如果您需要在不同裝置上具有不同的 autograd 行為，那麼我們建議建立兩個不同的自定義運算元，一個用於需要不同行為的裝置，並在執行時在它們之間切換。

示例

>>> import torch
>>> import numpy as np
>>> from torch import Tensor
>>>
>>> @torch.library.custom_op("mylib::numpy_sin", mutates_args=())
>>> def numpy_sin(x: Tensor) -> Tensor:
>>>     x_np = x.cpu().numpy()
>>>     y_np = np.sin(x_np)
>>>     return torch.from_numpy(y_np).to(device=x.device)
>>>
>>> def setup_context(ctx, inputs, output) -> Tensor:
>>>     x, = inputs
>>>     ctx.save_for_backward(x)
>>>
>>> def backward(ctx, grad):
>>>     x, = ctx.saved_tensors
>>>     return grad * x.cos()
>>>
>>> torch.library.register_autograd(
...     "mylib::numpy_sin", backward, setup_context=setup_context
... )
>>>
>>> x = torch.randn(3, requires_grad=True)
>>> y = numpy_sin(x)
>>> (grad_x,) = torch.autograd.grad(y, x, torch.ones_like(y))
>>> assert torch.allclose(grad_x, x.cos())
>>>
>>> # Example with a keyword-only arg
>>> @torch.library.custom_op("mylib::numpy_mul", mutates_args=())
>>> def numpy_mul(x: Tensor, *, val: float) -> Tensor:
>>>     x_np = x.cpu().numpy()
>>>     y_np = x_np * val
>>>     return torch.from_numpy(y_np).to(device=x.device)
>>>
>>> def setup_context(ctx, inputs, keyword_only_inputs, output) -> Tensor:
>>>     ctx.val = keyword_only_inputs["val"]
>>>
>>> def backward(ctx, grad):
>>>     return grad * ctx.val
>>>
>>> torch.library.register_autograd(
...     "mylib::numpy_mul", backward, setup_context=setup_context
... )
>>>
>>> x = torch.randn(3, requires_grad=True)
>>> y = numpy_mul(x, val=3.14)
>>> (grad_x,) = torch.autograd.grad(y, x, torch.ones_like(y))
>>> assert torch.allclose(grad_x, torch.full_like(x, 3.14))

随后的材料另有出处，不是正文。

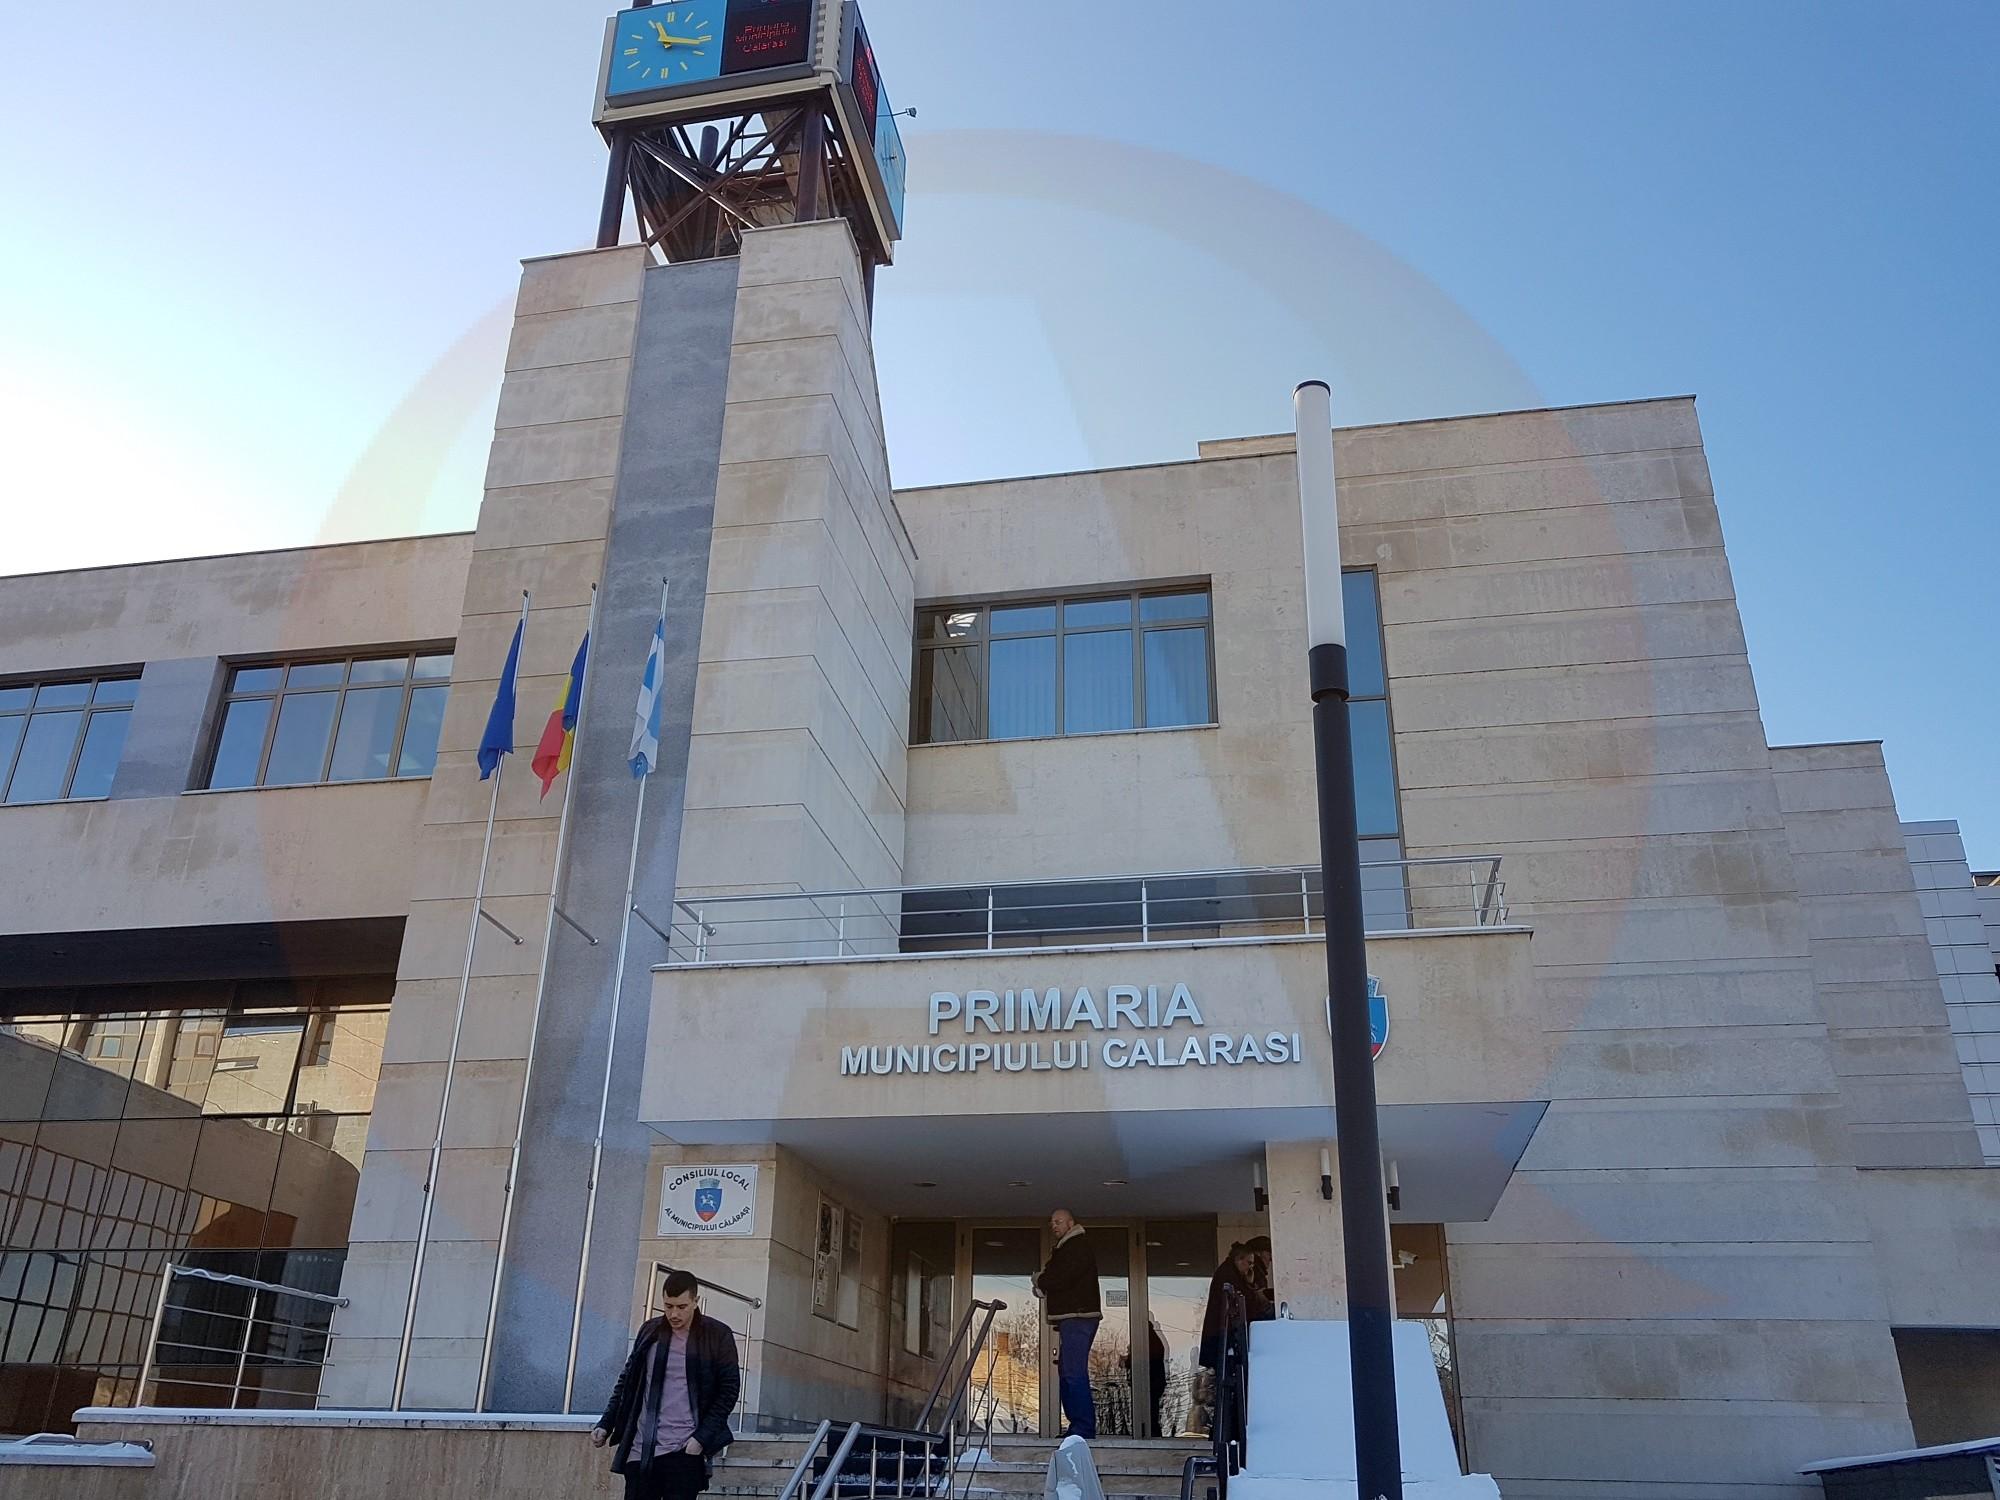 Primaria Calarasi/ANUNT DE LICITAŢIE

torch.library.register_fake(op, func=None, /, *, lib=None, _stacklevel=1, allow_override=False)[source]#

為該運算元註冊一個 FakeTensor 實現（“fake impl”）。

也稱為“meta kernel”、“abstract impl”。

“FakeTensor 實現”指定了該運算元在不包含資料的 Tensor（“FakeTensor”）上的行為。給定具有特定屬性（大小/步幅/儲存偏移量/裝置）的輸入 Tensor，它指定輸出 Tensor 的屬性。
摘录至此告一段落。